経時安定性及び熱安定性が良く、皮膚の抗炎症効果及び保湿効果を発揮するため、皮膚創傷治癒促進剤,皮膚外用剤,化粧品,皮膚の老化防止剤及び皮膚の老化改善剤として利用できる。
【0010】
前記パラミロン繊維(A)が、下記条件(c)、及び(d)を満たす水性組成物であると良い。(c)数平均繊維幅が1.0nm~100nm。(d)数平均繊維長が50nm~2000nm。
前記条件(a)のアニオン性官能基がカルボキシル基であると良い。
前記パラミロン繊維(A)のアニオン性官能基の含有量が、パラミロン繊維の乾燥質量あたり、0.5~3.0mmol/gであると良い。

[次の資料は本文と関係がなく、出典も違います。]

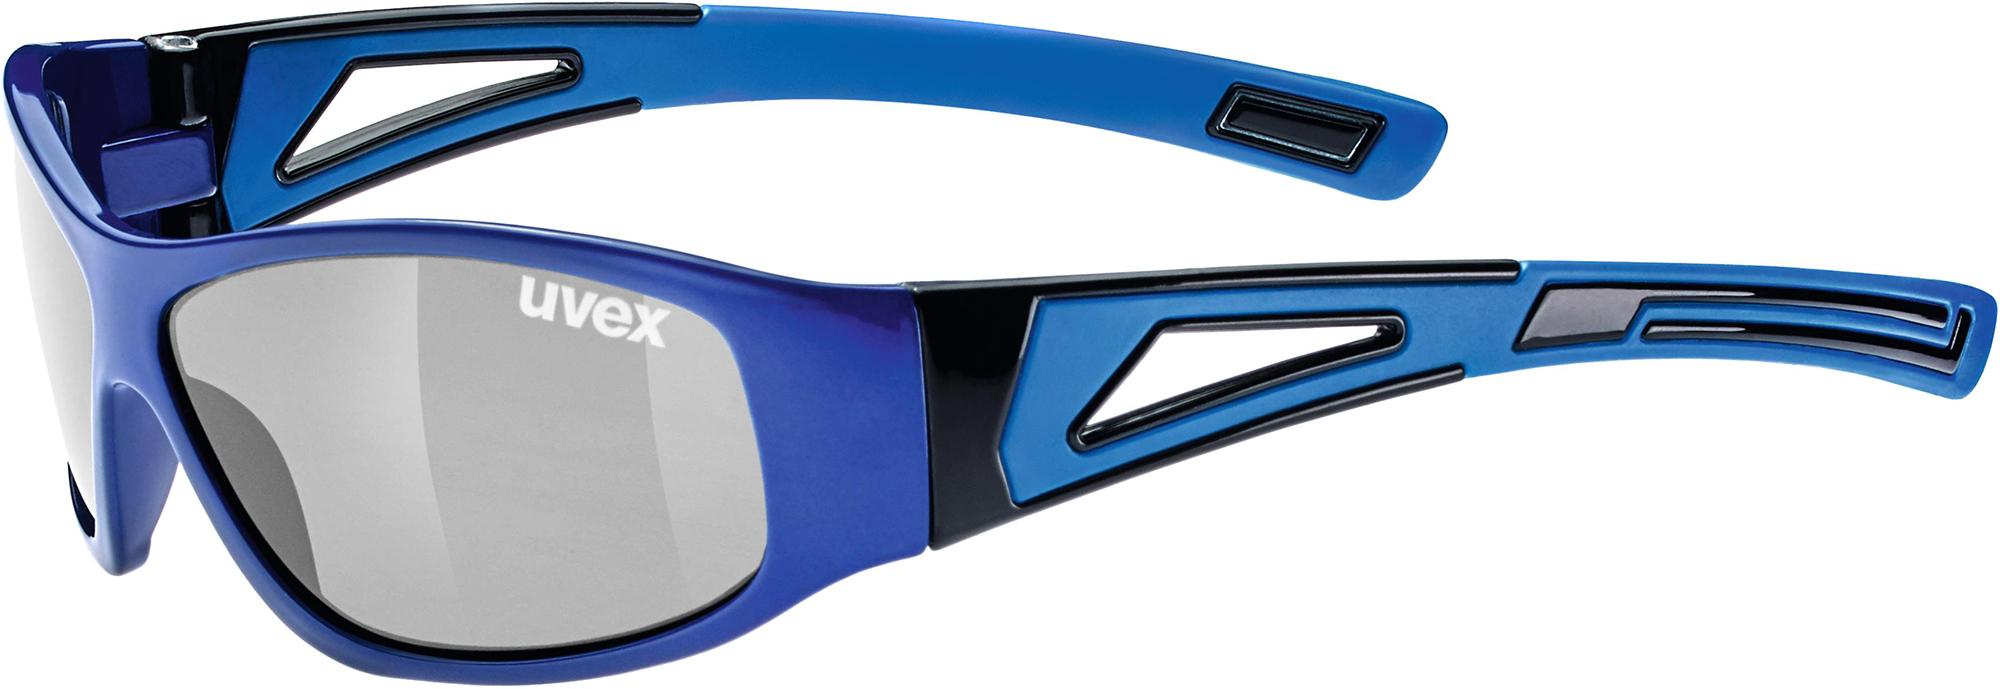 цена на Uvex Солнцезащитные очки детские Uvex Sportstyle 509

前記抗炎症剤又は前記保湿剤は、皮膚創傷治癒促進剤、皮膚外用剤、化粧品、皮膚の老化防止剤又は皮膚の老化改善剤として用いられても良い。
【0011】
さらに、本発明の水性組成物は、抗炎症効果及び保湿効果を有するため、抗炎症用又は保湿用の食品組成物として利用できる。
【発明の効果】
【0012】
本発明によれば、パラミロン繊維(A)が、アニオン性官能基を有し、アルデヒド基、及びケトン基の合計した含有量が、パラミロン繊維の乾燥質量あたり、0.5mmol/g以下であることで、パラミロンの有効成分の効果を発現可能な水性組成物を得ることができる。

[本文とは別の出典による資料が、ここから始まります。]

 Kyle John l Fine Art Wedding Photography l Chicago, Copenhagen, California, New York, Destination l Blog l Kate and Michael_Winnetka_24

上記のパラミロン繊維(A)と、水(B)の成分を含有する水性組成物は、経時安定性及び熱安定性が良く、1週間放置しても黄変を抑制でき、粘度が低下しない良好な物性を有する。また、本発明の水性組成物は、抗炎症作用及び保湿作用を有するため、ヒトの皮膚に適用した場合に、炎症が沈静化する又は更なる炎症を抑えること、及び、肌免疫を介してヒアルロン酸の合成を促進させて、皮膚の乾燥、弾力の低下、シワの発生を抑制することが可能となる。従って、皮膚に良好に適用でき、皮膚創傷治癒促進剤,皮膚外用剤,化粧品,皮膚の老化防止剤又は皮膚の老化改善剤として皮膚に適用した場合も、速やかに炎症を抑え、保湿効果を高めることにより皮膚バリア機能を回復させ、肌状態悪化を抑制することができる。
【0013】
さらに、本発明の水性組成物は、抗炎症効果及び保湿効果を有するため、抗炎症剤又は保湿剤として利用できる。経時安定性及び熱安定性が良く、皮膚の抗炎症効果及び保湿効果を発揮するため、皮膚創傷治癒促進剤,皮膚外用剤,化粧品,皮膚の老化防止剤及び皮膚の老化改善剤として利用できる。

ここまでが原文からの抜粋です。